Performance - Unpack Normals vs. Texture Swaps?

Before sinking any time into benchmarking this myself, I thought maybe someone here already knows the answer. Scenario: hundred of objects in the scene with only 2 textures total in use - one for albedo, one for normals, with each object using whatever parts of the textures based on geometry UV and/or shader offset/tiling.

As there is an expense to each texture swap that’s necessary for the render (at least for mobile / low-end devices, if not everything), we generally use a sprite sheet / atlas to eliminate that hit wherever possible aside from whatever other benefits.
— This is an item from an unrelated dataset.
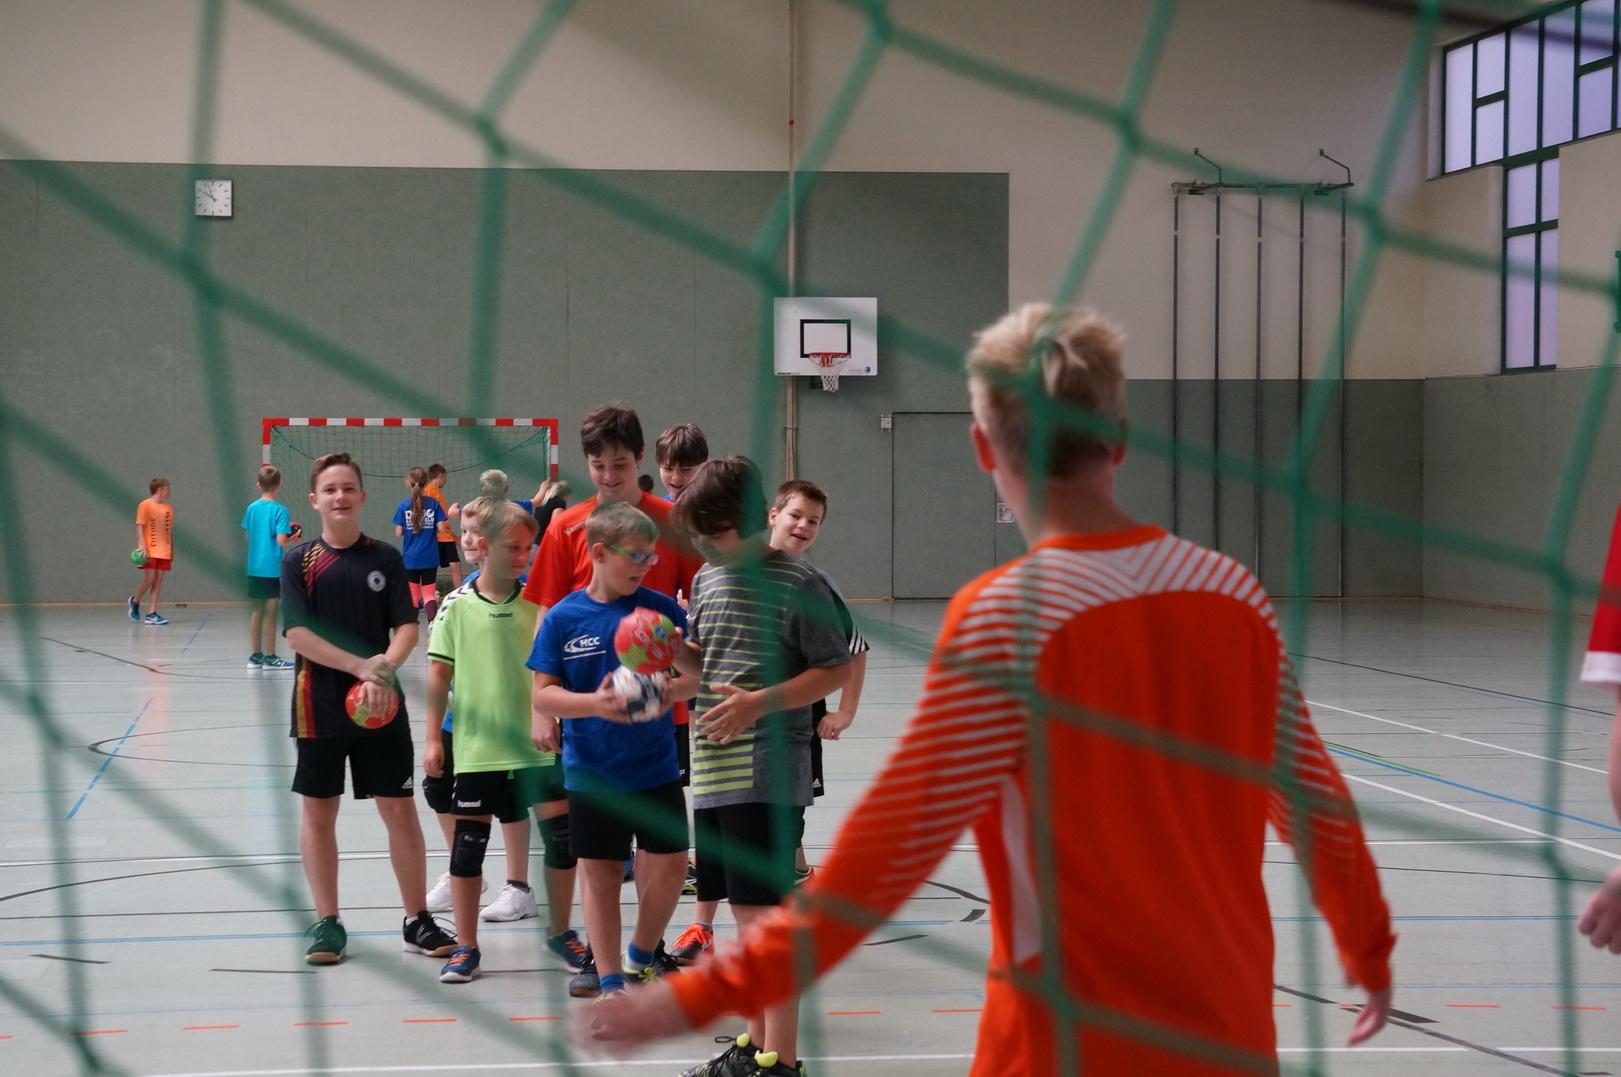 201808_Handballcamp_SDH_MG_134w

However, there is a problem in the above scenario. As these objects are sampling from both textures, what could happen is that for let’s say 100 objects, there could be a texture swapp up to 200 times per frame!
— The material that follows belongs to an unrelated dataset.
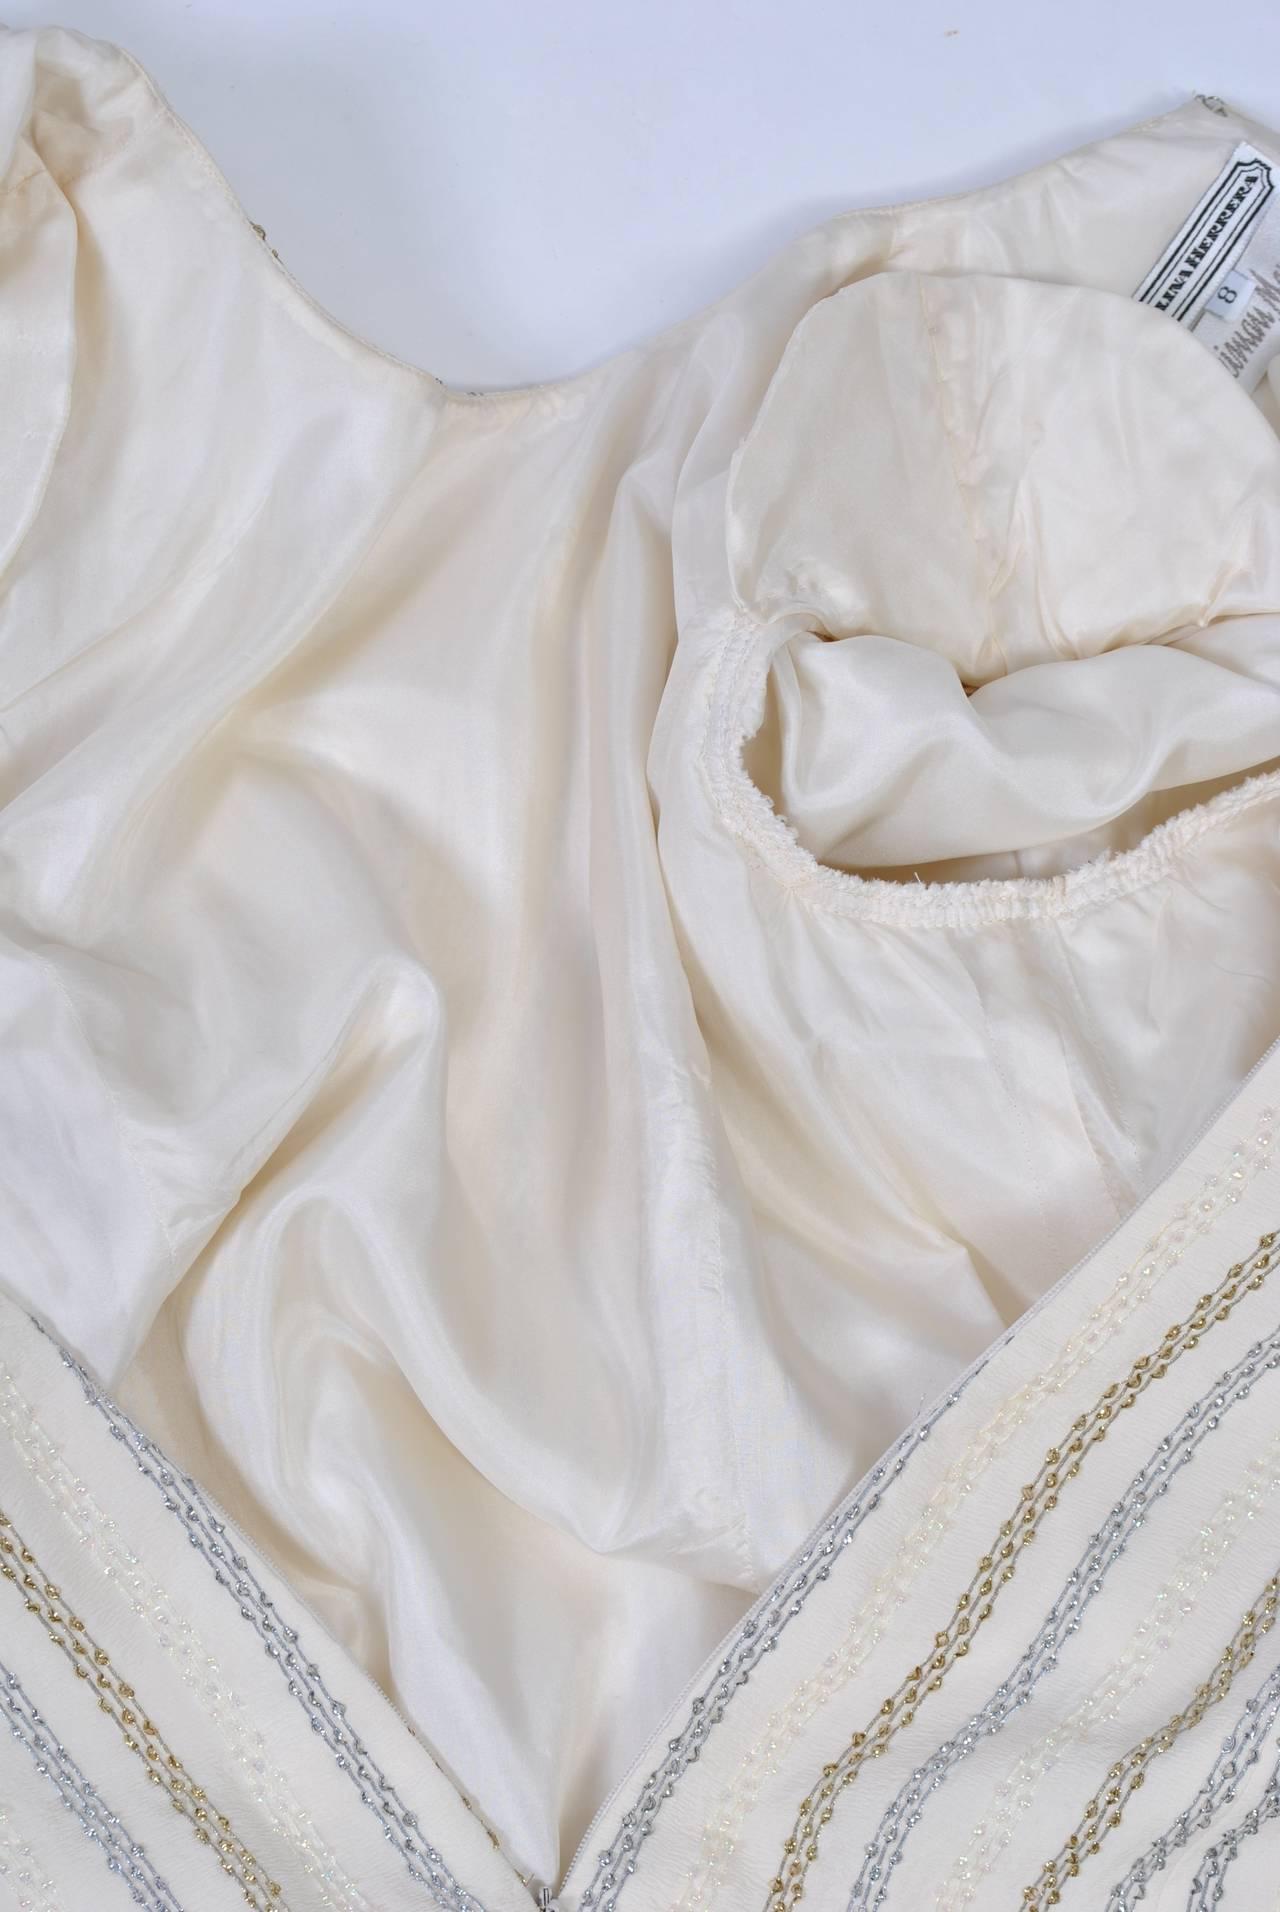 Carolina Herrera Ivory and Metallic Dress 2

We can’t [generally] have both albedo textures and normals in the same sprite sheet. Normal textures are imported with a different flag and in the shader we specify “Normal” type for that texture input and possibly other differences I’ve read of but I haven’t confirmed.

So given a worst-case scenario of 200 swaps for 100 objects, wouldn’t that have a significant performance hit? What if we use an Unpack Normals node in Shader Graph to allow normals to come from the albedo sheet, or even just multiply color by 2 and subtract 1 to get it pretty similar (i.e. changing color range from 0 to 1, to -1 to 1), thereby allowing all of the albedo and normal textures to be on the same sprite sheet? Then we’re down to absolutely ZERO texture swaps each frame for all those objects, not counting when it first swaps to it.

But what kind of a hit will Unpack Normals (or a lower-quality alternative) have, compared with the texture swapping cost?

Does anyone know if this is worth looking into further, or it’s pointless, or ?

Color textures are in sRGB color space and normal maps are in linear, so you’d have to also include the correction.